(What is being asked) Among the lines below, the one containing "Penghargaan_-_Triwulan_1.jpg" opens the range and the one containing "Dünyanın ilk uzaktan" closes it. Print that range exactly, without the pictures.

(Records shown)

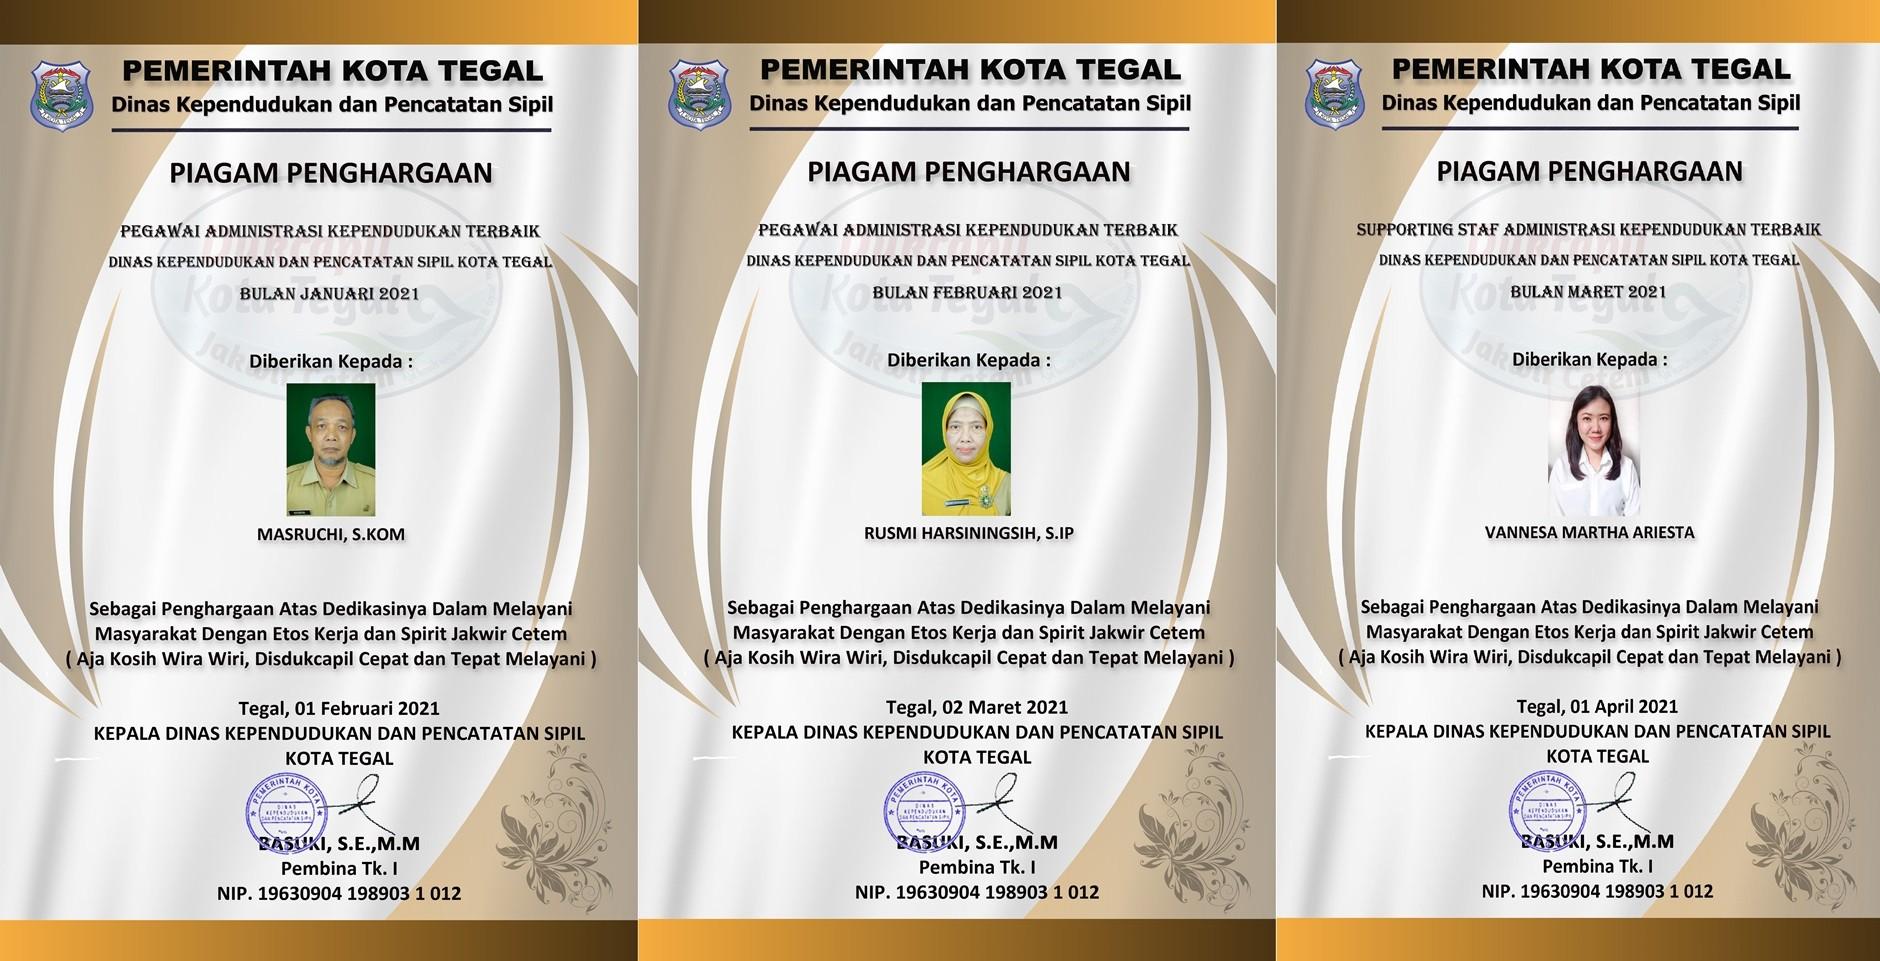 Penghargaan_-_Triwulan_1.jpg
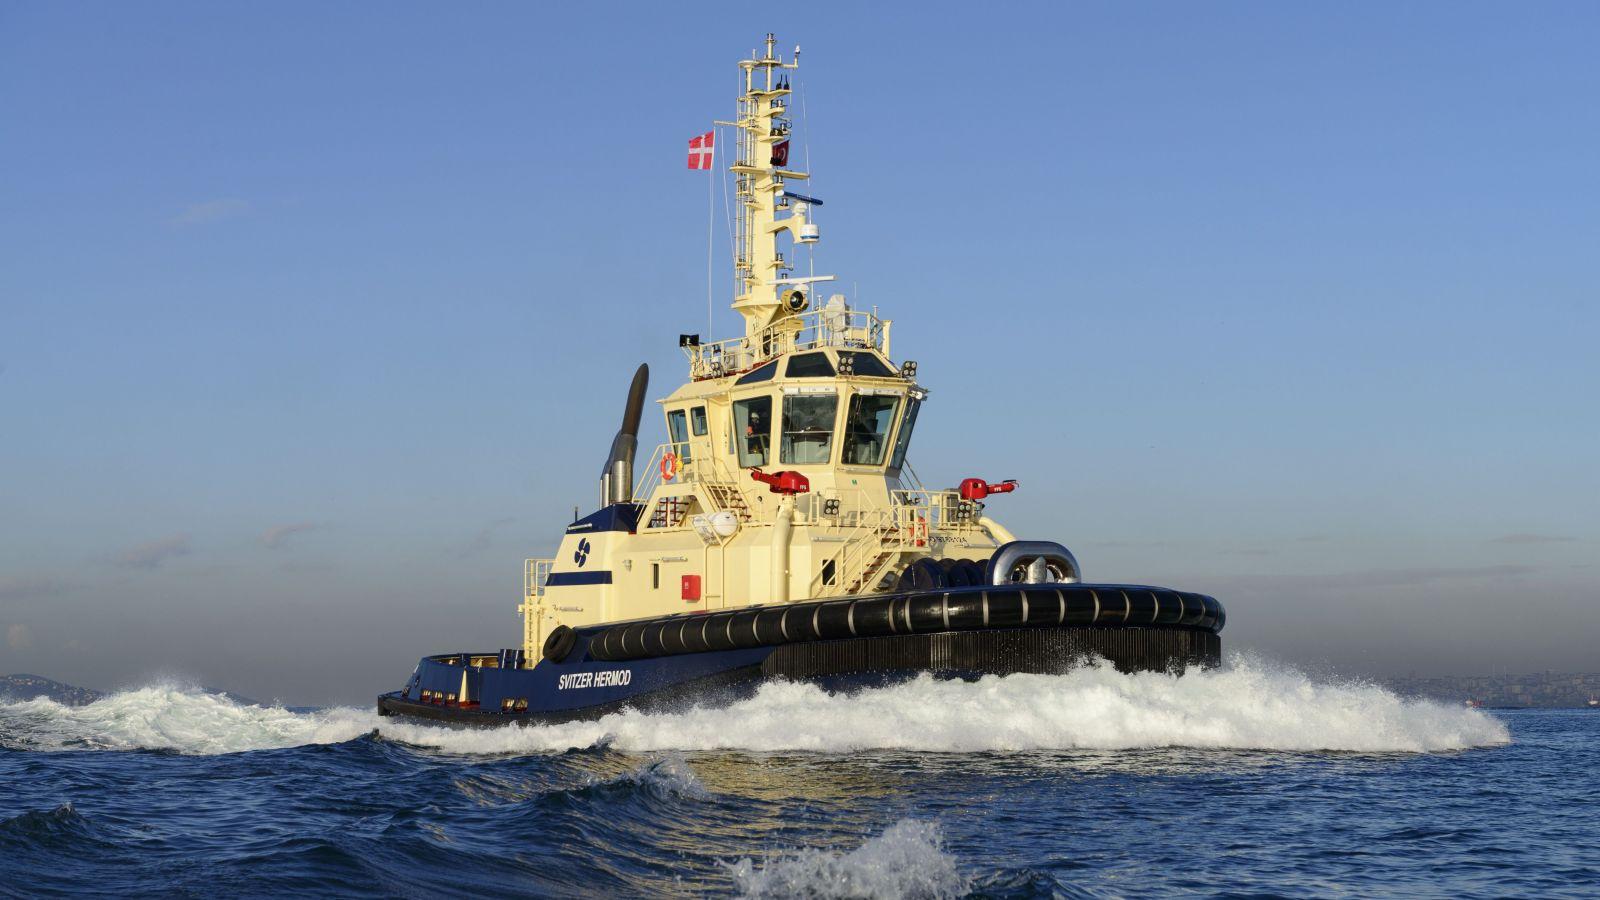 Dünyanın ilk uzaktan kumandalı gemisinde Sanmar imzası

---

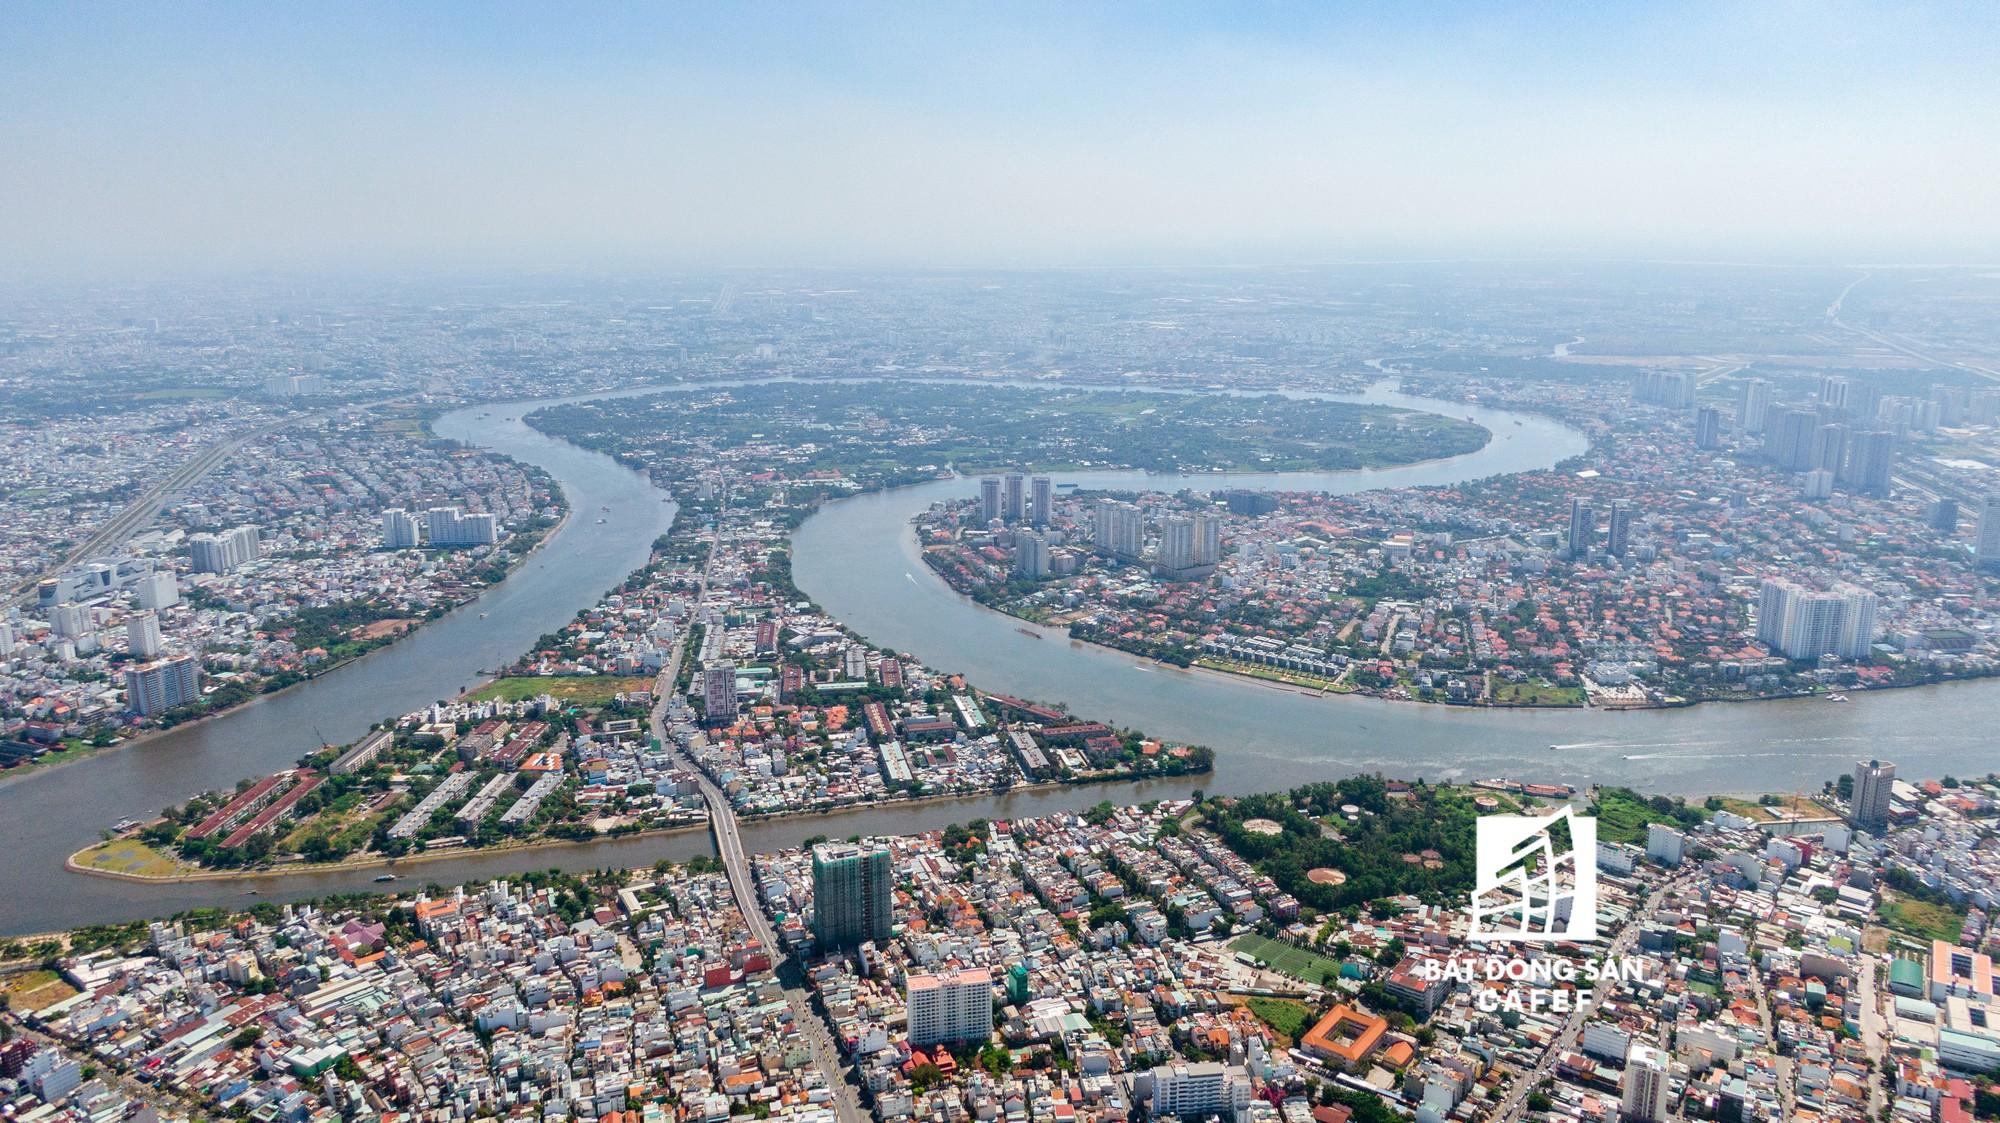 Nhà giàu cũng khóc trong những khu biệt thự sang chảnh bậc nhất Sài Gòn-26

--

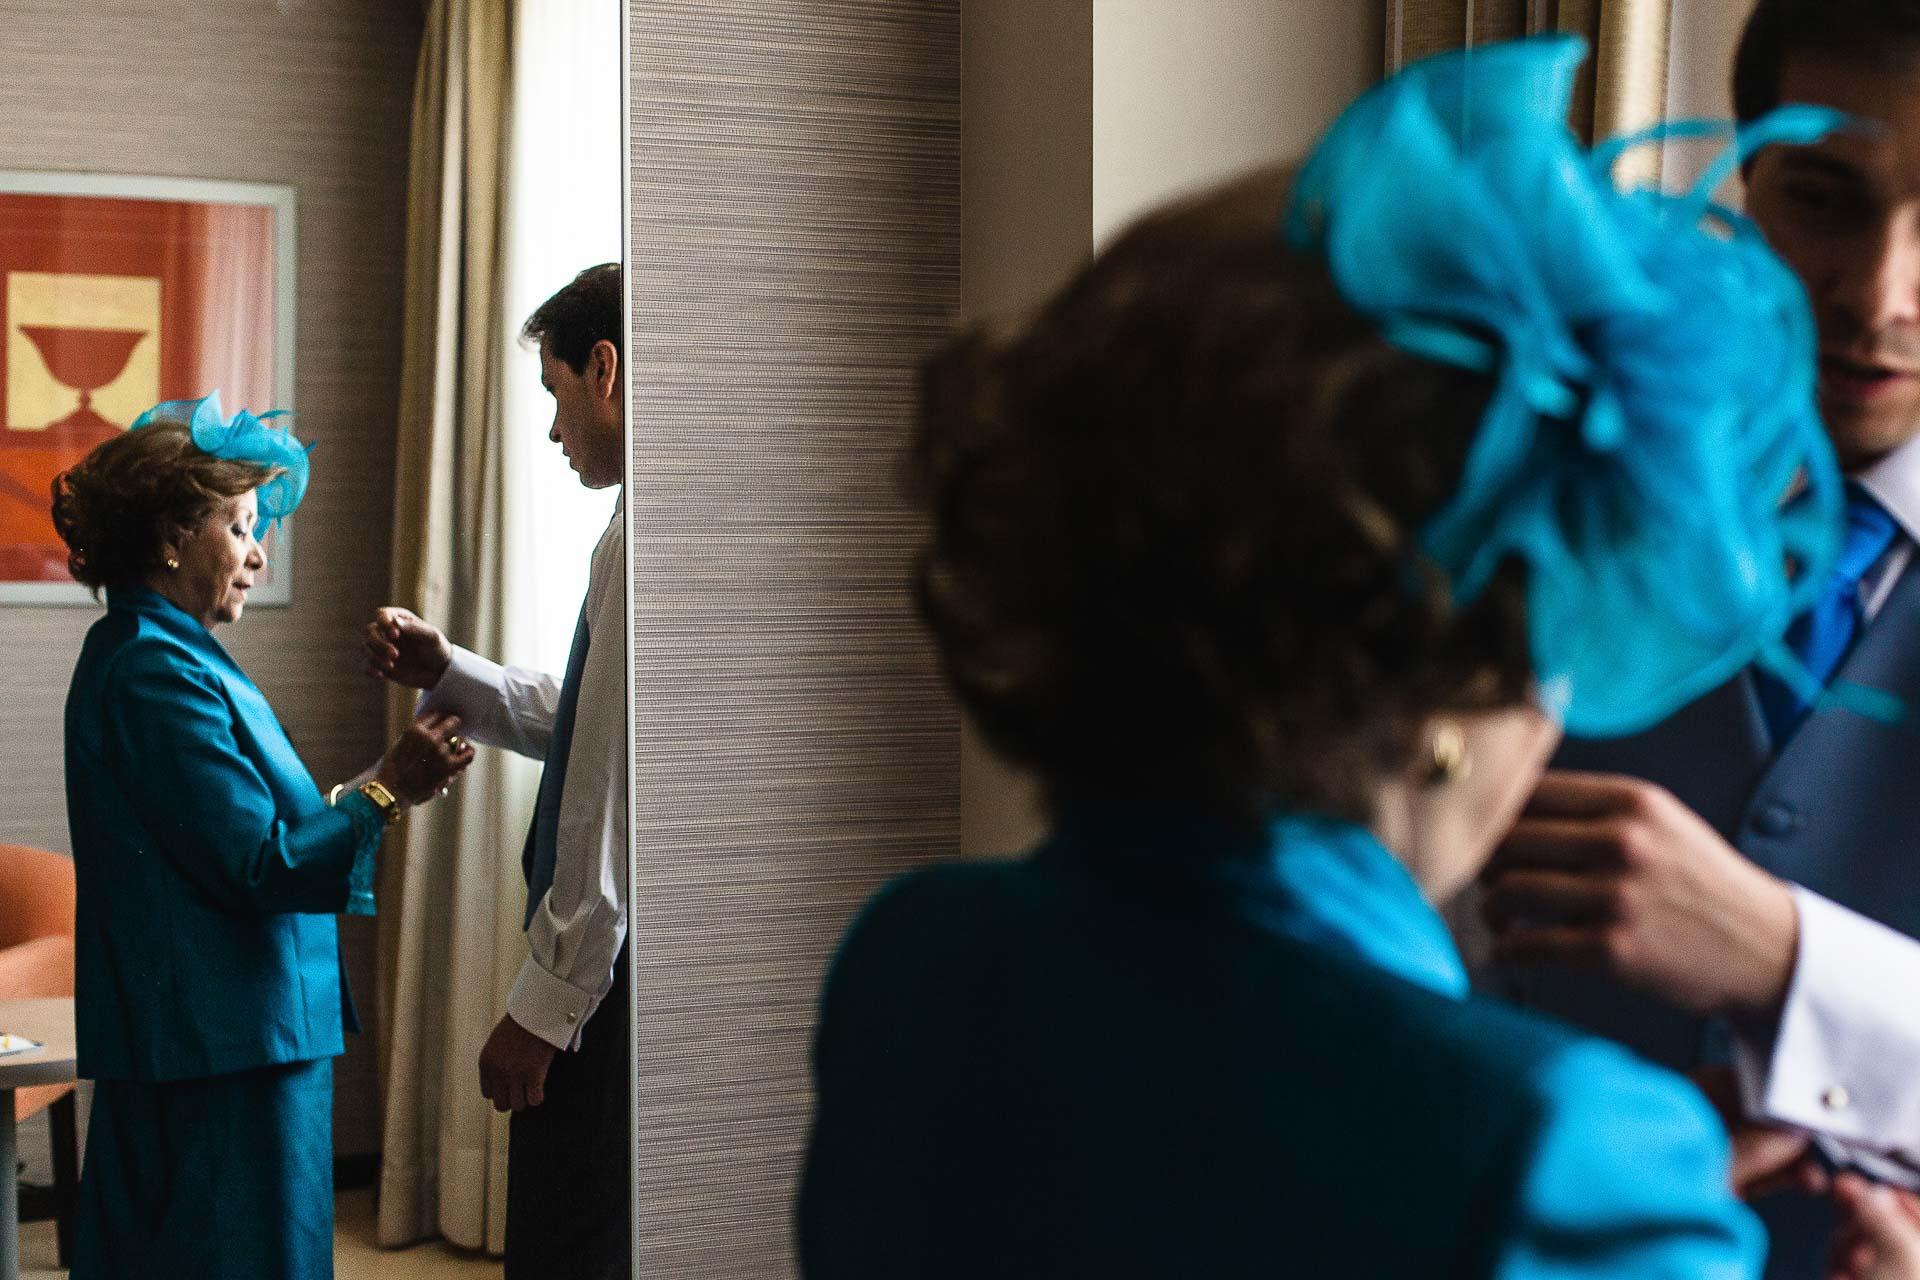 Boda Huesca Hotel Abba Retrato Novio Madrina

(Output of the exercise)
 Penghargaan_-_Triwulan_1.jpg
 Dünyanın ilk uzaktan kumandalı gemisinde Sanmar imzası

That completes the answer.